Mises Wire

Appetite for Risk or Appetite for Destruction?

The policy of the Bernanke-Yellen Fed to whet investors’ appetite for risk by maintaining short-term interest rates at zero in order to pump up investment spending seems to be working quite well.  Here is some anecdotal evidence as reported by a friend:

I tried tapping private banks for a business loan, for fun, last month, for a business that I “may consider” buying. Last week, I received 2 quick offers for 2M in financing...at prime plus 2.5!! I don’t even have 2014 tax returns for the business. My accountant  .  . . says the business’ profits are clearly over reported. Yet, still, I get the loan offers. The 2 independent bankers I met with liked my “character”. Sigh...are we back to the 2005 loan standards? Numbers no longer matter?  There are absolutely no numbers to justify this loan. The rate, under 6% for a 10 year term, has gotten my attention.
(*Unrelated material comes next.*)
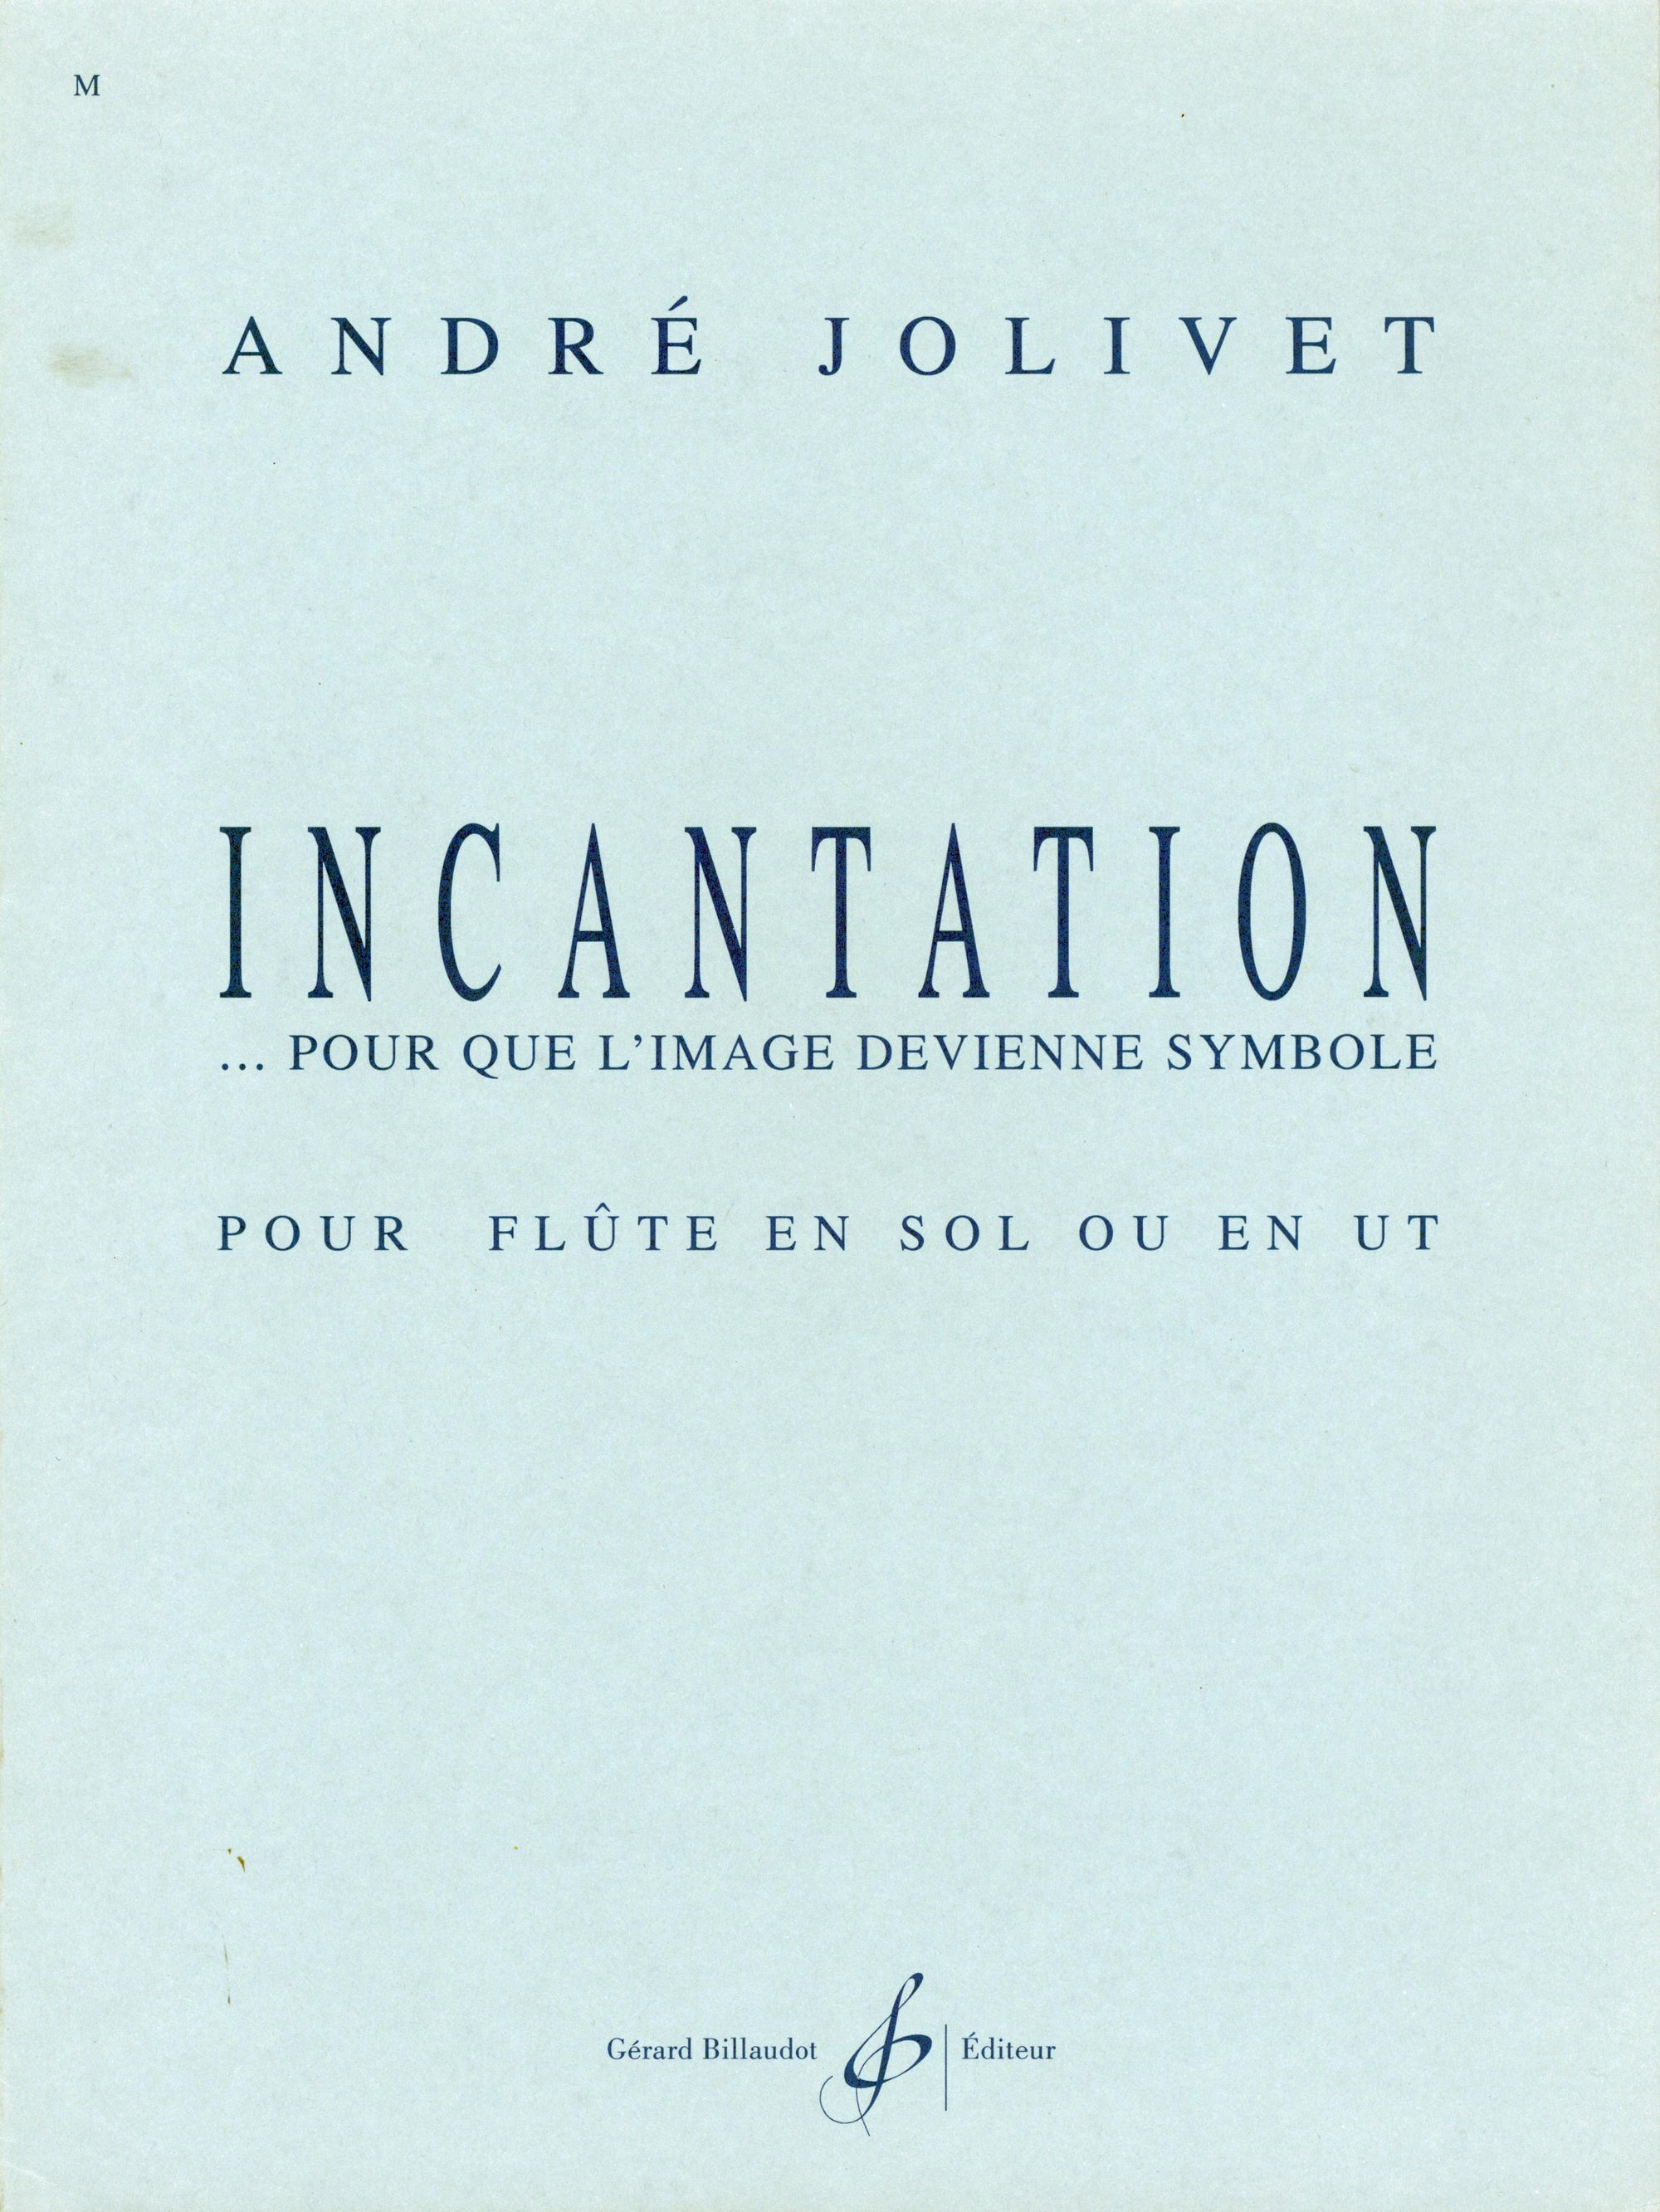 Jolivet: Incantation

There is less than a 20% personal guarantee. . . .  [H]ow can I not make a profit on a capital investment with those terms? The Kool aid is contagious, once you get a taste.
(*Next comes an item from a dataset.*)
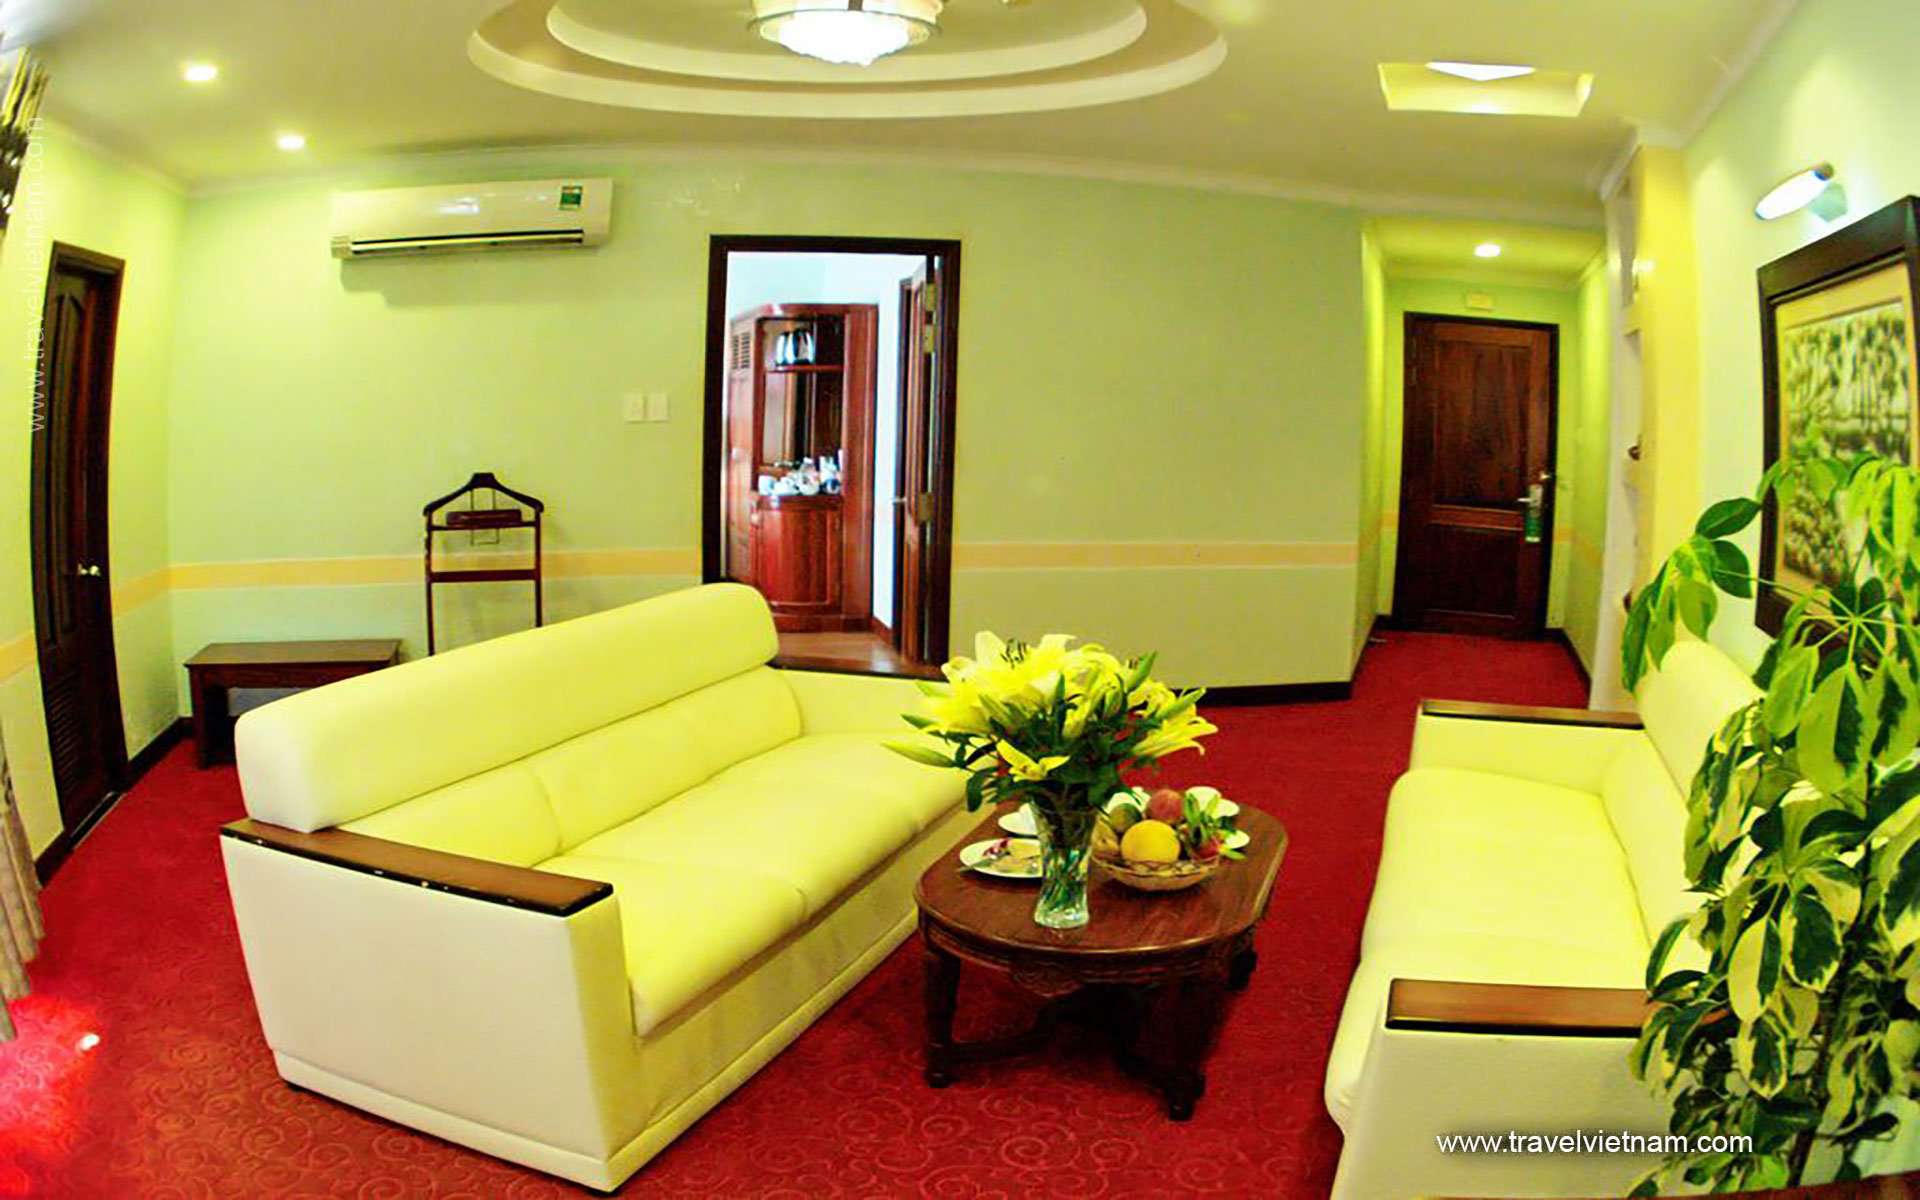 Ninh Kieu 2 - Hoa Binh Hotel

The heightened “appetite for risk” that the Fed and the establishment media have been blathering about as a new method for the salvation of the U.S. economy is far from it.  Rather it is the same old cheap-money policy dressed up in new garb and, as Austrian business cycle theory demonstrates, what it stimulates among bankers, investors, and entrepreneurs is best described by the title of the classic hard rock album by Guns N’ Roses, Appetite for Destruction.